Волшебство и трудолюбие — страница 22 из 84

— Вот видишь, как удобно, форестьера, а ты отказывалась, — говорил Антонио, дыша мне в затылок табачным перегаром, чесноком, к этому примешивался запах дешевого одеколона и сладкого фиксатуара от его волос, которые он тщательно старался пригладить.

Как обрывками запоминается на всю жизнь один какой-то сон, так запомнился мне этот вечер на окраине Сорренто. Вокруг арены, под открытым небом, при свете ламп и плошек стояли в несколько рядов скамьи. Все, кто не успел занять места, стояли позади и за это уже не платили. На арене исполнялись не только цирковые номера, но и пенье, и танцы, и даже разыгрывались сценки.

Мне запомнилась одна. Вышли две прачки, одна толстенная, а другая худая, как жердь. Шутя, сплетничая, сыпля грубоватыми словечками, они принялись колотить белье вальками. Потом толстуха полезла в карман фартука и, не найдя там чего-то, стала приставать к худой. «Дыхни! — грозно наступала она. — А ну, дыхни, подлец!» И тут выяснилось, что худую играет актер — муж толстухи, утащивший у нее из кармана десять лир на вино. Все кончилось семейной потасовкой, в которой толстуха срывала с худой юбки и чепец вместе с волосами. Публика надрывалась от смеха, причем трудно было распознать, что это — пьеса или жизнь?

Прачки сменились гимнастами в половинчатых трико белого и черного цвета, из-за этих костюмов нельзя было уловить, кто что делал. Черные руки, белые ноги, половины торсов сплетались в причудливые линии, и из-за скудного освещения черный цвет вдруг выпадал совсем, словно это были только половины фигур. Потом шли клоуны, потом борьба, потом балет. Все сменялось под руководством хозяина цирка, тучного, но проворного человека с бородкой, в панталонах до колен, в широком красном кушаке, в белых чулках и модных лакированных штиблетах. Он тут же еще пел под мандолину куплеты, импровизируя, высмеивая кого-то, а кому-то льстя, чем приводил публику в полный восторг.

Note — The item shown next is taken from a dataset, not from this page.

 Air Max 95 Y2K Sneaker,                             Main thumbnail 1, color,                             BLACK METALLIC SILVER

Но лучше всего были канатоходцы. Освещенные снизу, они выделывали на канате под аккомпанемент скрипки и мандолины трудные и изящные трюки. На глубоком фоне звездного неба их фигуры в блестящих трико проносились над нами, как метеоры.

Пока еще не веришь свято

В алтарь житейской ерунды,

Ходи, девчонка, по канату

Ты от звезды и до звезды.

Пускай тебя счастливый кто-то

Вернет из облаков назад

И материнские заботы

Тебя счастливо приземлят.

Мы возвращались уже по темной дороге и потому пешком.

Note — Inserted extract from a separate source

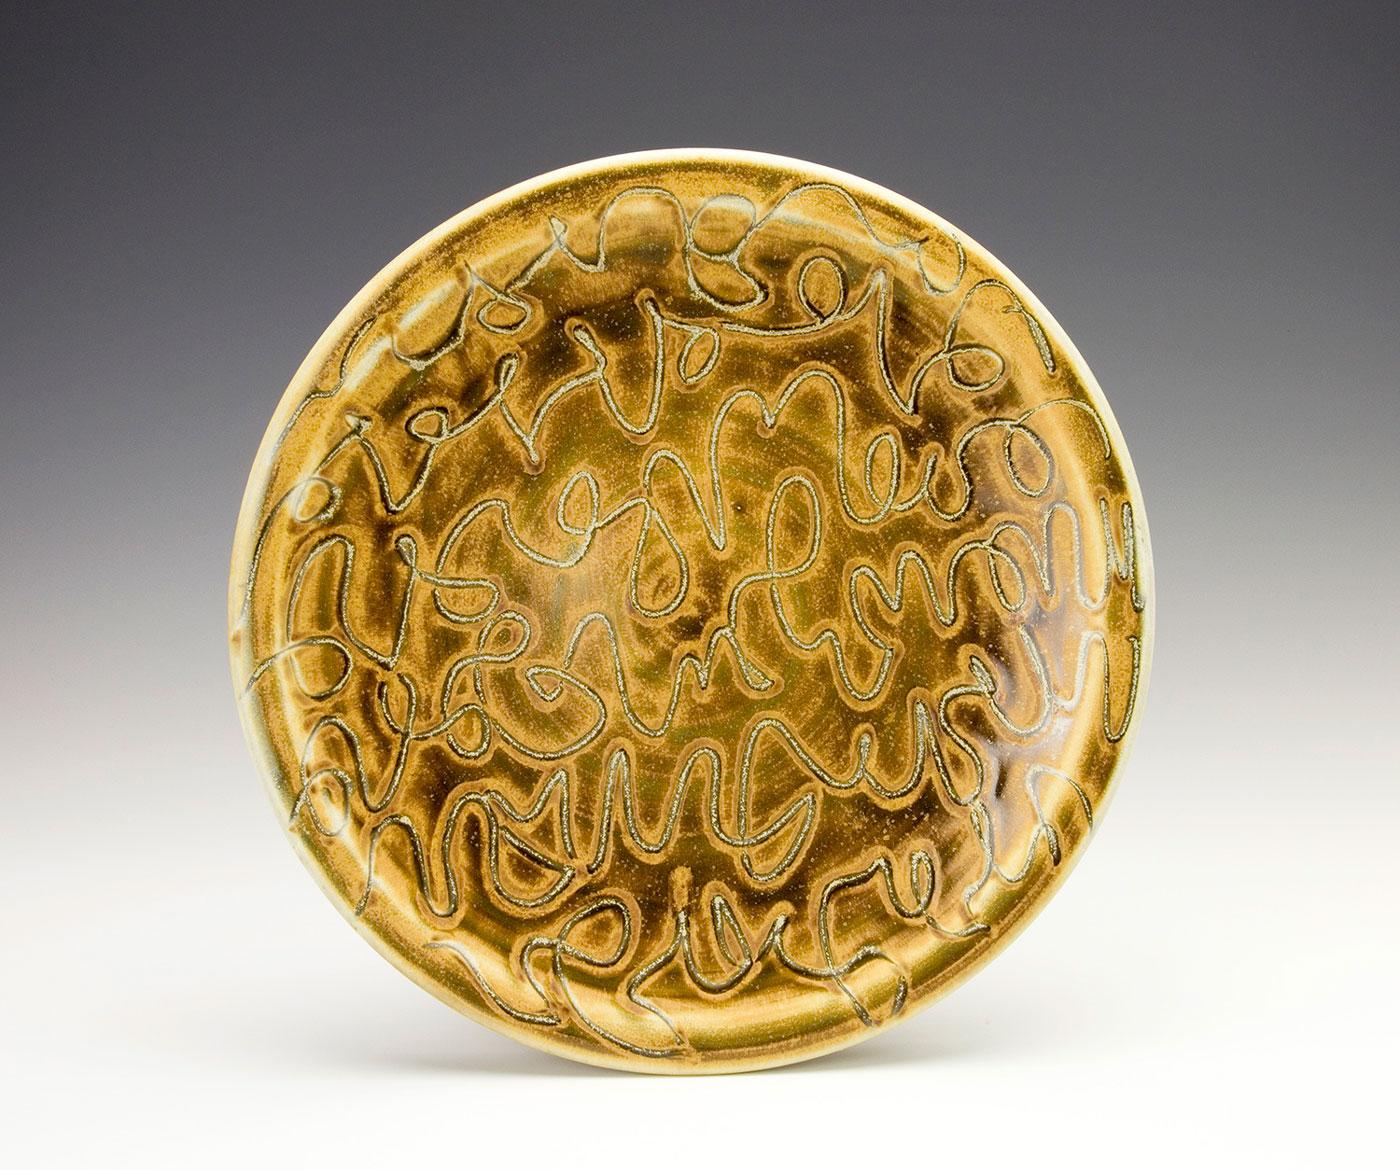 Abstract-Bronze-Moka-script-plate-Samantha-Henneke-Seagrove-North-Carolina.jpg

— А тебе попадет от твоей мамаши! Попадет! — дразнил меня мой спутник.

Вечерняя прохлада сгущала ароматы южных трав, пыль на дороге стала тяжелой и осела под мельчайшей сеткой росы. Антонио вдруг стал молчаливым, а на прощанье глухо сказал:

— Мне надо кое-что сообщить вам, форестьера. — Так и сказал: «кое-что сообщить вам».

Мы договорились, как всегда, встретиться завтра под «Минервой» и впервые попрощались, пожав друг другу руки. Небольшая рука итальянца была такой жесткой и шершавой, что я поняла, почему он никогда не подавал ее мне. Подойдя к «Дании», я с ликованием увидела еще темные окна наших комнат. А через пять минут послышались голоса отца и брата. Они возвращались с виллы «Масса».

Пожалуй, это было самым удивительным свиданием в моей жизни. Луна была такой светлой, что густые тени от олив почти не ложились на землю, а словно витали над ней. Легкий ветерок доносил одуряющий аромат олеандров из нижних садов и откуда-то из порта глухие удары и скрежет — видимо, ночной разгрузки пароходов. Где-то звенела мандолина один и тот же перебор — капельками.

Мы стояли с Антонио под двумя оливами. В этот раз он оставил велосипед дома. Был Антонио каким-то смятенным, словно потерявшимся в чужом городе. Это было объяснение в любви.

— Я решил, форестьера… И я знаю, что это судьба. Я никогда никого не любил, и сейчас вся моя жизнь в вас, форестьера. Я жду весь день только одного — когда можно будет домчаться до «Минервы», чтобы ждать, ждать, ждать и надеяться…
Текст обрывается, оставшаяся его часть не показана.